Prediction of the critical temperature of a superconductor by using the WOA/MARS, Ridge, Lasso and Elastic-net machine learning techniques

This study builds a predictive model capable of estimating the critical temperature of a superconductor from experimentally determined physico-chemical properties of the material (input variables): features extracted from the thermal conductivity, atomic radius, valence, electron affinity and atomic mass. This original model is built using a novel hybrid algorithm relied on the multivariate adaptive regression splines (MARS) technique in combination with a nature-inspired meta-heuristic optimization algorithm termed the whale optimization algorithm (WOA) that mimics the social behavior of humpback whales. Additionally, the Ridge, Lasso and Elastic-net regression models were fitted to the same experimental data for comparison purposes. The results of the current investigation indicate that the critical temperature of a superconductor can be successfully predicted using this proposed hybrid WOA/MARS-based model.
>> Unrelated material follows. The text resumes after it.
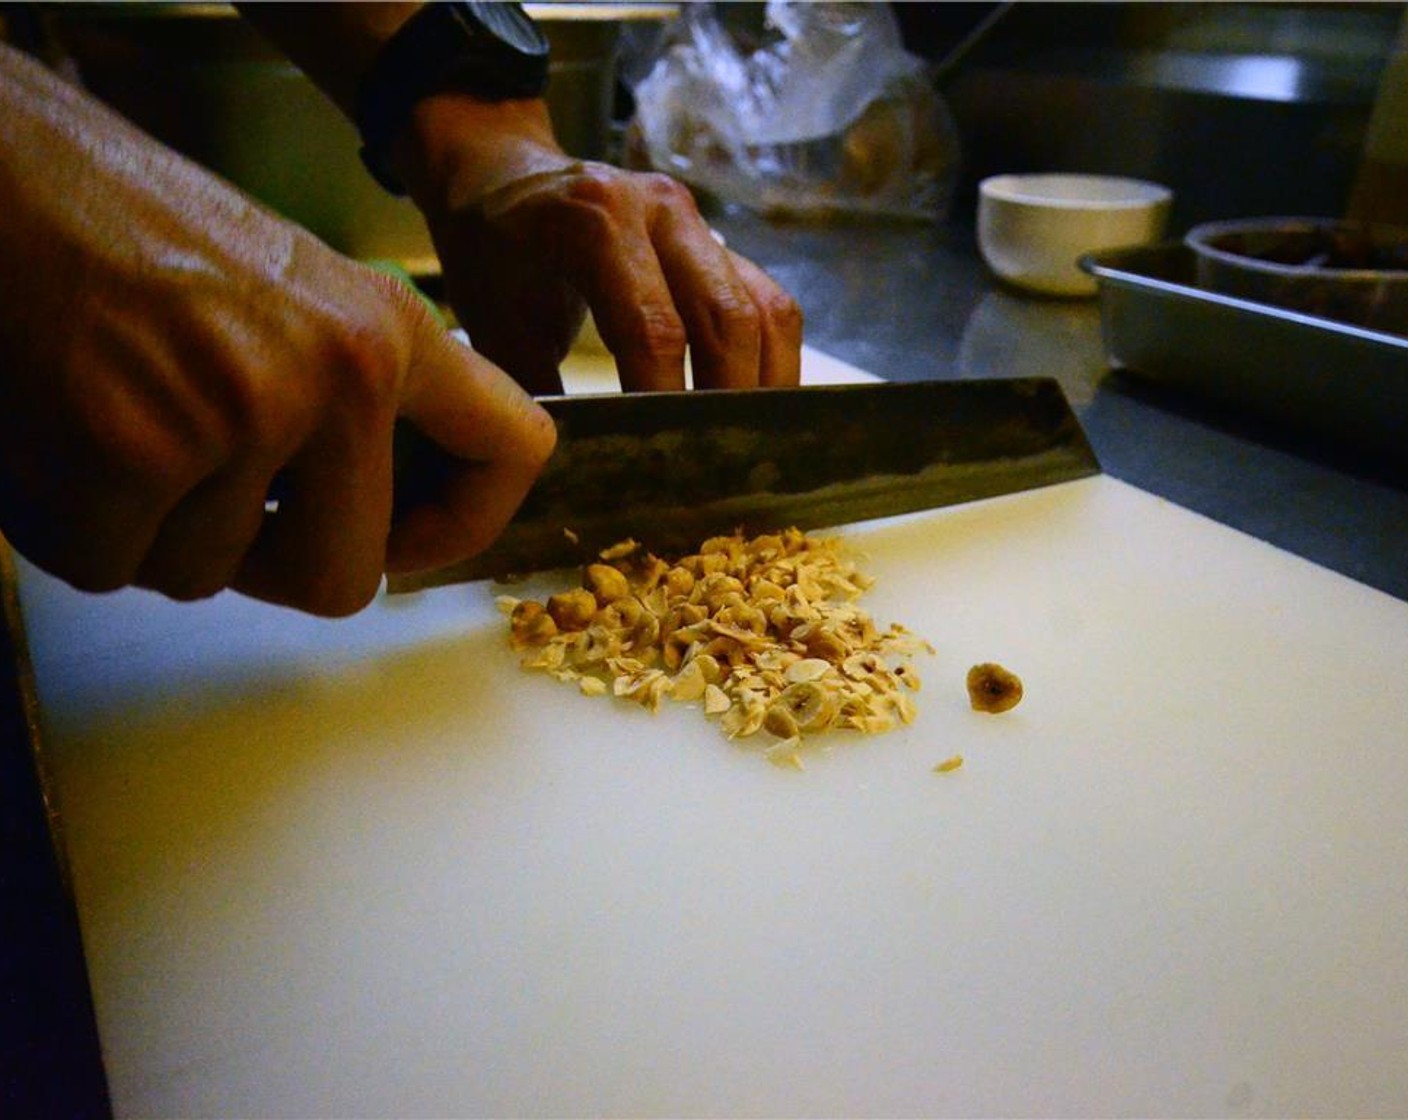 step 10 While waiting, prepare the Hazelnuts (1/2 cup) by chopping them.
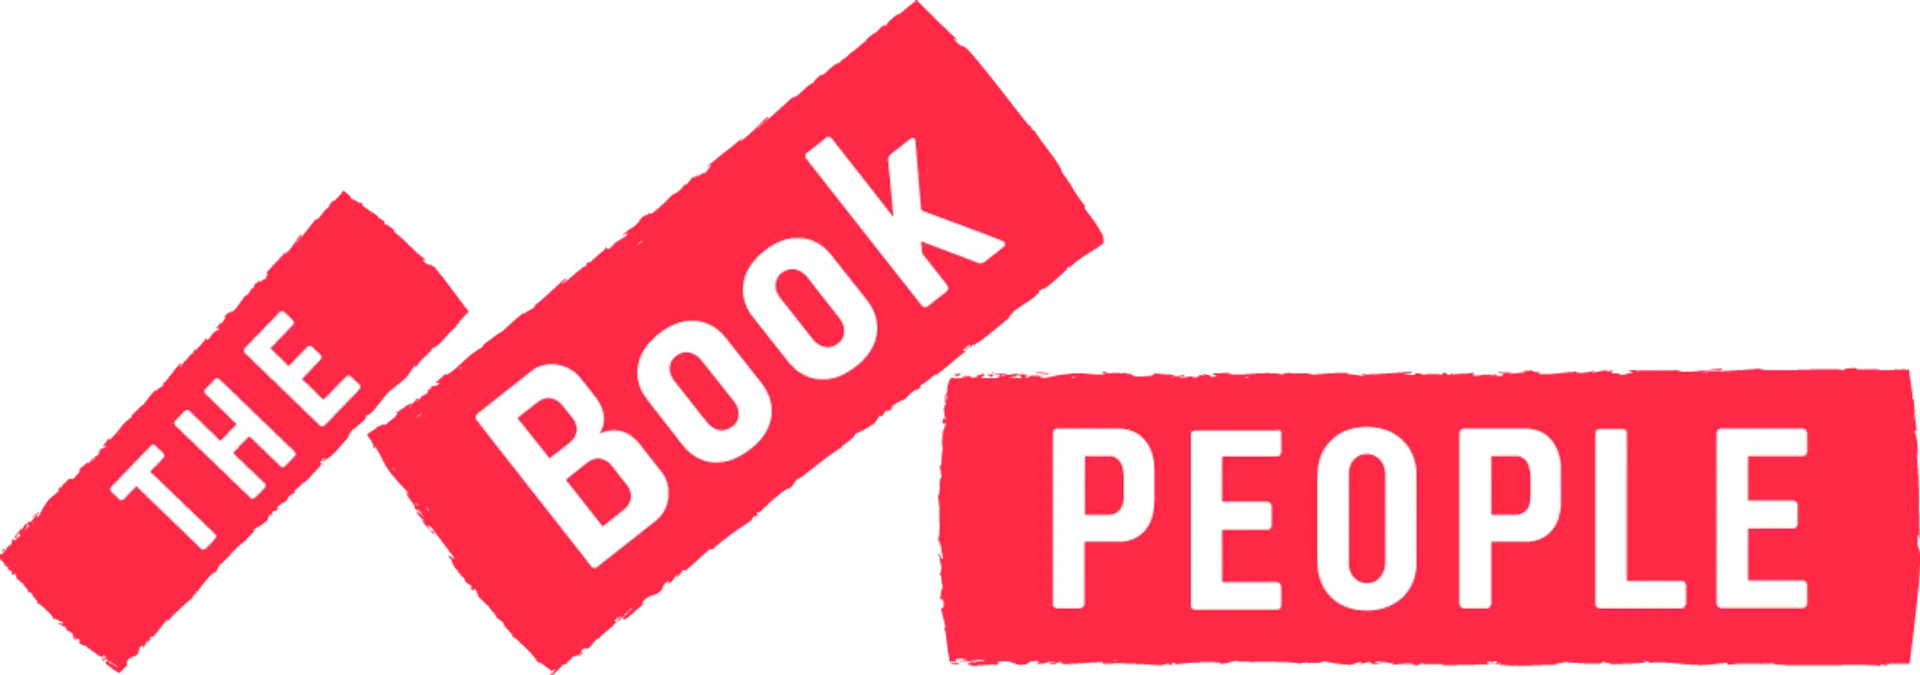 THE BOOK PEOPLE logo

Furthermore, the results obtained with the Ridge, Lasso and Elastic-net regression models are clearly worse than those obtained with the WOA/MARS-based model.

Automated summary

This study developed a predictive model based on a hybrid WOA/MARS approach to successfully estimate the critical temperature of a superconductor. Results showed that the WOA/MARS model outperformed the Ridge, Lasso, and Elastic-net regression models in predicting the critical temperature.